As previously disclosed, on December 9, 2022, a securities class action, Crivellaro v. Singularity Future Technology Ltd., et al., No. 22-cv-7499-BMC, was commenced against Singularity Future Technology Ltd. (the "Company") and certain other defendants in the United States District Court for the Eastern District of New York (the "Court"), alleging violations of the federal securities laws (the "Class Action"). On December 17, 2024, the Court granted in part and denied in part the motions to dismiss filed by the Company and its former Chief Executive Officer, Yang Jie. On July 13, 2025, the Company and the lead plaintiffs entered into a Stipulation and Agreement of Settlement (the "Original Settlement Agreement"), pursuant to which the parties agreed to resolve the litigation, subject to final approval by the Court.
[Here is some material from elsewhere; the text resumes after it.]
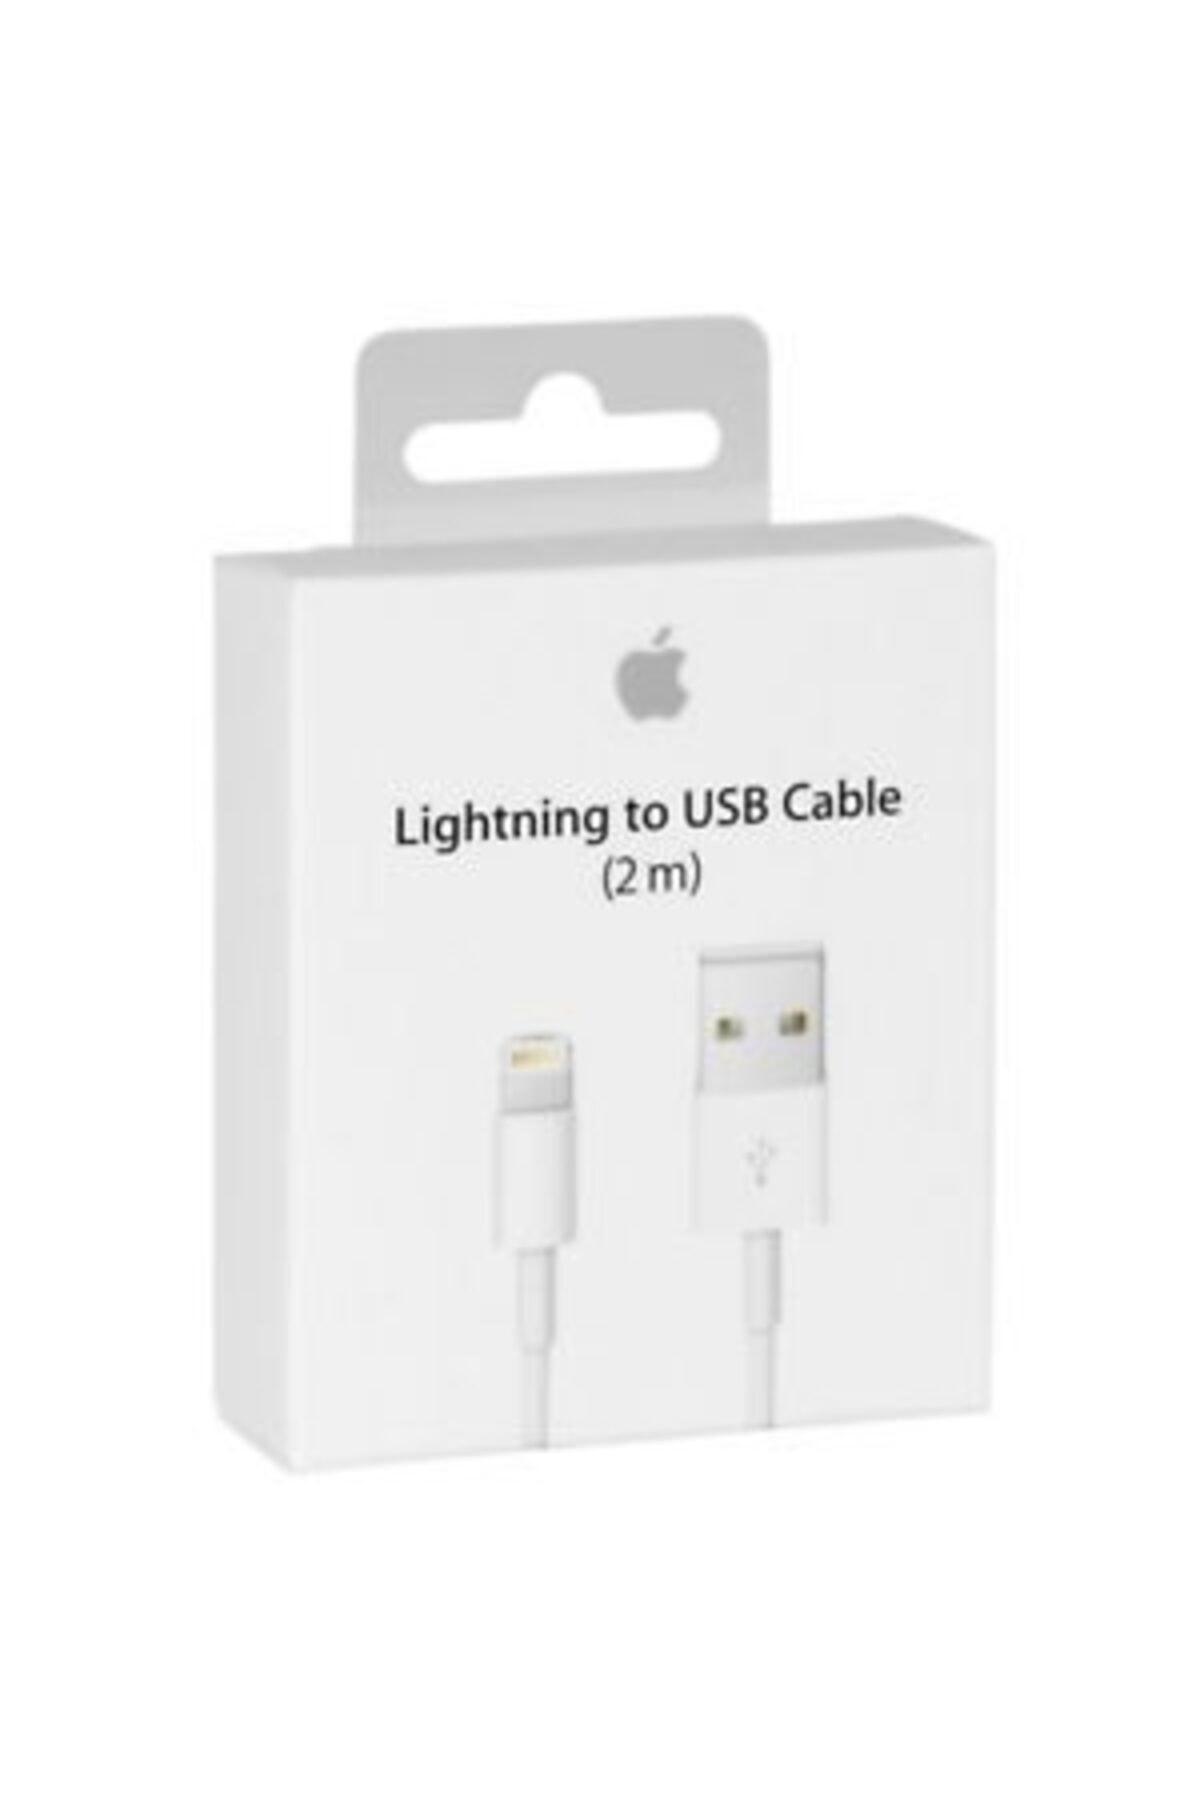 Apple 2 Metre Iphone Şarj Lıghtıng Uyumlu Usb Data Kablosu 5 5s Se 6 6s 6 Plus 7 7 Plus 8 8 Plus X Xs Max 2

On March 9, 2026, following a fairness hearing, the Court denied, without prejudice, the motion for final approval of the proposed settlement, denied as moot the related motions concerning attorneys’ fees, the escrow agreement and the issuance of shares pursuant to Section 3(a)(10) of the Securities Act of 1933. The Court also ordered that the previously imposed temporary restraining order remain in effect.

 

On June 22, 2026, the Company and the lead plaintiffs entered into an Amended Stipulation and Agreement of Settlement (the "Amended Settlement Agreement"), which amends and supersedes the Original Settlement Agreement.

 

Pursuant to the Amended Settlement Agreement and subject to approval by the Court, the Company agreed to settle the Class Action for an aggregate cash settlement amount of $5,800,000, which includes the $2,000,000 previously deposited into escrow. The Company agreed to deposit an additional $1,500,000 within 15 calendar days after execution of the Amended Settlement Agreement and receipt of the necessary wire transfer information, subject to a 15-calendar-day grace period for banking or wire-processing delays not caused by the Company and deposit the remaining $2,300,000 within 60 days after the initial payment.

 

The Amended Settlement Agreement provides that the settlement will be subject to Court approval and, upon effectiveness, will result in the dismissal of the Class Action with prejudice and the mutual releases set forth therein, subject to customary exclusions.

 

If the Company fails to make any required payment when due, such failure will constitute a material breach, and the plaintiffs may terminate the settlement, declare the unpaid settlement balance immediately due and payable, and enforce the Confession of Judgment executed by the Company for the unpaid balance, together with any applicable interest, costs and attorneys’ fees.

 

The execution of the Amended Settlement Agreement does not constitute an admission by the Company of any wrongdoing, fault, or liability, and the Company does not admit any wrongdoing, fault, or liability.

 

The Company determined that resolving the Class Action now is in its best interests. Although the Company was prepared to continue defending its position, the Amended Settlement Agreement meaningfully reduces the uncertainty, distraction, and significant costs and exposure associated with protracted and complex class action litigation and further enables the Company to maintain its focus on executing its business strategy.

 

The ultimate outcome of the Class Action remains uncertain, with no guarantee that the Amended Settlement Agreement will receive Court approval. If the settlement is not finalized, the Company intends to continue defending itself in the pending class action and maintains that it has strong factual and legal defenses.

 

This summary is qualified by reference to the full text of the Amended Settlement Agreement, a copy of which is filed with the Court in Crivellaro v. Singularity Future Technology Ltd., et al., No. 22-cv-7499-BMC.